I see this written in Buffettology book too. That's one big realisation for me. Let's say the long term bond rate is 5%. We need to get an earnings yield of at least 5%, which translate to a PE of 20x. Anything more than 20x PE wouldn't have that margin of safety. I'm thinking 10% earnings yield will give me a good margin of safety, so a PE of 10 or less is more like it.

2. Another thing that I carried away with me after reading this classic is the idea of the hot sector. Never fling money at Mr.Market's latest, craziest fashions and remind oneself with quiet confidence that, "This, too, shall pass away".

3. I understand what is meant by an aggressive and defensive investor. It's not whether one can take risk. It's how much work one is willing to spend that determines which type of investor one belongs too.
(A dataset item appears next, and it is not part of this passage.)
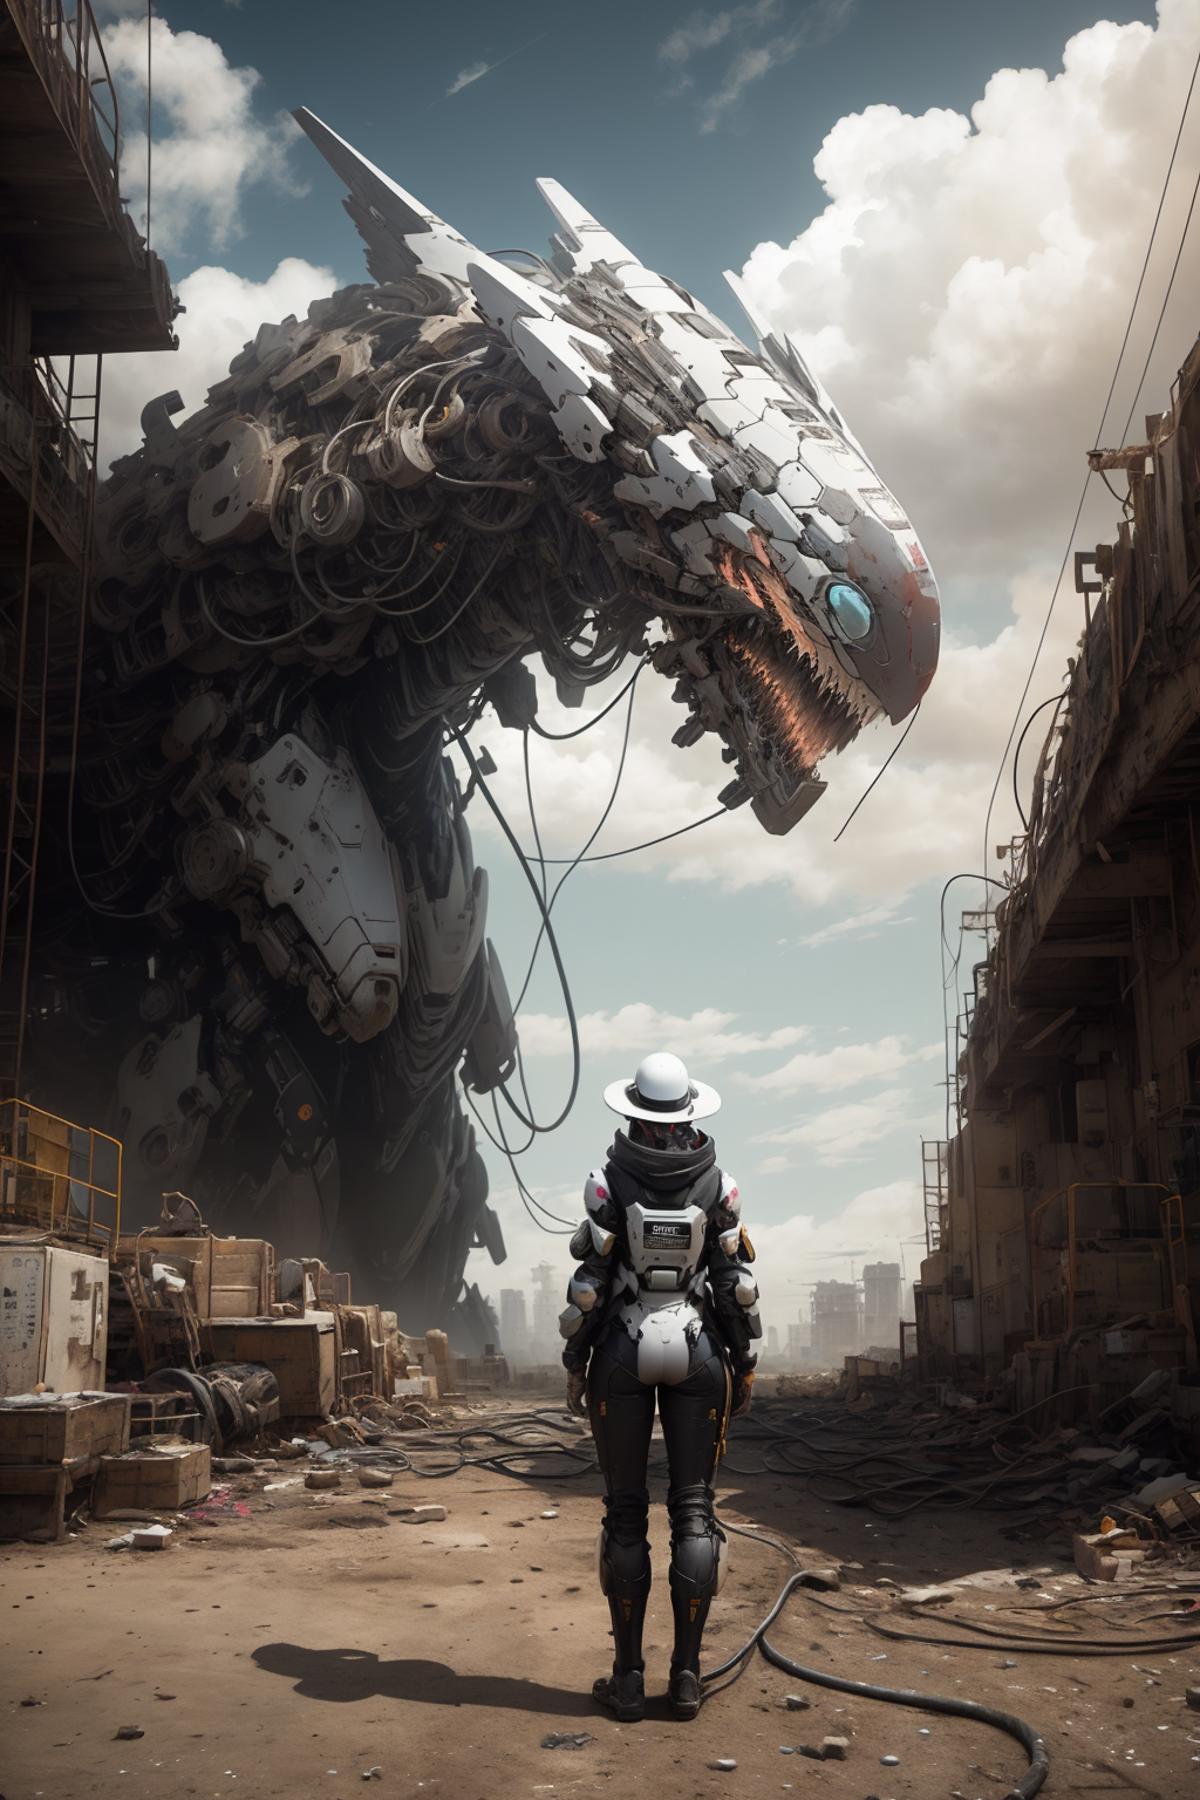 A person standing in front of a giant robot or monster.

I am thus, by definition, an aggressive investor.

I wouldn't recommend this book to anyone without a true passion in investing. Firstly, it's very thick - and that alone is sure to repel casual readers away. Secondly, one needs to have at least a cursory knowledge of accountings. Without that, the book is an alien tome of indecipherable jargons. There are some chapters which deal with philosophy though, so perhaps I'm exaggerating a little here.

But for those who do want to read this classic, hear this from me. The investing world is dividend into two kinds of people - those who had read The Intelligent Investor and those who have not read it.


Derek said...

Hi LP,

I agree that this book is not for the faint-hearted. Like you, I got this book from the library and while the first few chapters were still bearable, the rest were like you said... very dry. In fact I was reading Jason Zweig's commentary instead of Benjamin Graham.


la papillion said...

Hi derek,

Haha, I am determined to finish it and I did :) It wasn't so bad lah, come to think of it.

ps. last time I was wishing jason zweig's commentary come quick to take my boredom from reading the main chapters, haha!

PanzerGrenadier said...

Dear la papillion

The book is sitting on my bookshelf with myself having ploughed through about 1/3 of it. Graham's language is pretty dry because of the formal way of speaking that was popular in his days?

It still has gems and reading about lessons on investor psychology is priceless... I read it almost half a year back, so may want to re-read it from page 1 again...hahahha

Be well and prosper.

la papillion said...

Hi PG,

Haha, his language is still okay. Have you read books in the 1900s? Those are really 'power'. But interestingly, I enjoyed reading ancient books because of the archaic language, but somehow when it comes to Ben, it's different.

Nevertheless, as you said, the contents still have a lot of gems to pick :) You should re-start your engine and read up the rest :)

Collin Yeo said...

Hi PG,

Like you, this book is still sitting on my shelf for quite some time already.

Tried reading until half of the book and I realised I forgot the content in the first few chapters.

Its really a challenge to finish this book. Guess the hidden message of Ben is not to educate us on the theory, but rather to hone our disciplinary and patient mindset. =D

la papillion said...

Hi collin,

Thks for visiting my blog :)

Haha, what a new way to view things! I didn't think of Old Ben training in in this way haha :)

JC said...


I read the book a few weeks ago. The only dry parts for me was when he writes about bond investments.

After reading his books, I realize the book was mainly about risk management. When he talks about margin of safety, he's talking about protecting your principal investment. He even writes, anything is a good investment if it's cheap enough!

la papillion said...

Hi JC,

Ben is very very conservative investor, since he had been through very bad times in the stock market and he personally lost quite a lot when he started on this business.

His value stance is quite different from Warren Buffett, in the sense that no business is unsuitable as long as the price is cheap enough. But always remember, he buys businesses (any) at cheap prices; he also diversified his risks of owning cheap AND bad business by buying a lot of such stocks.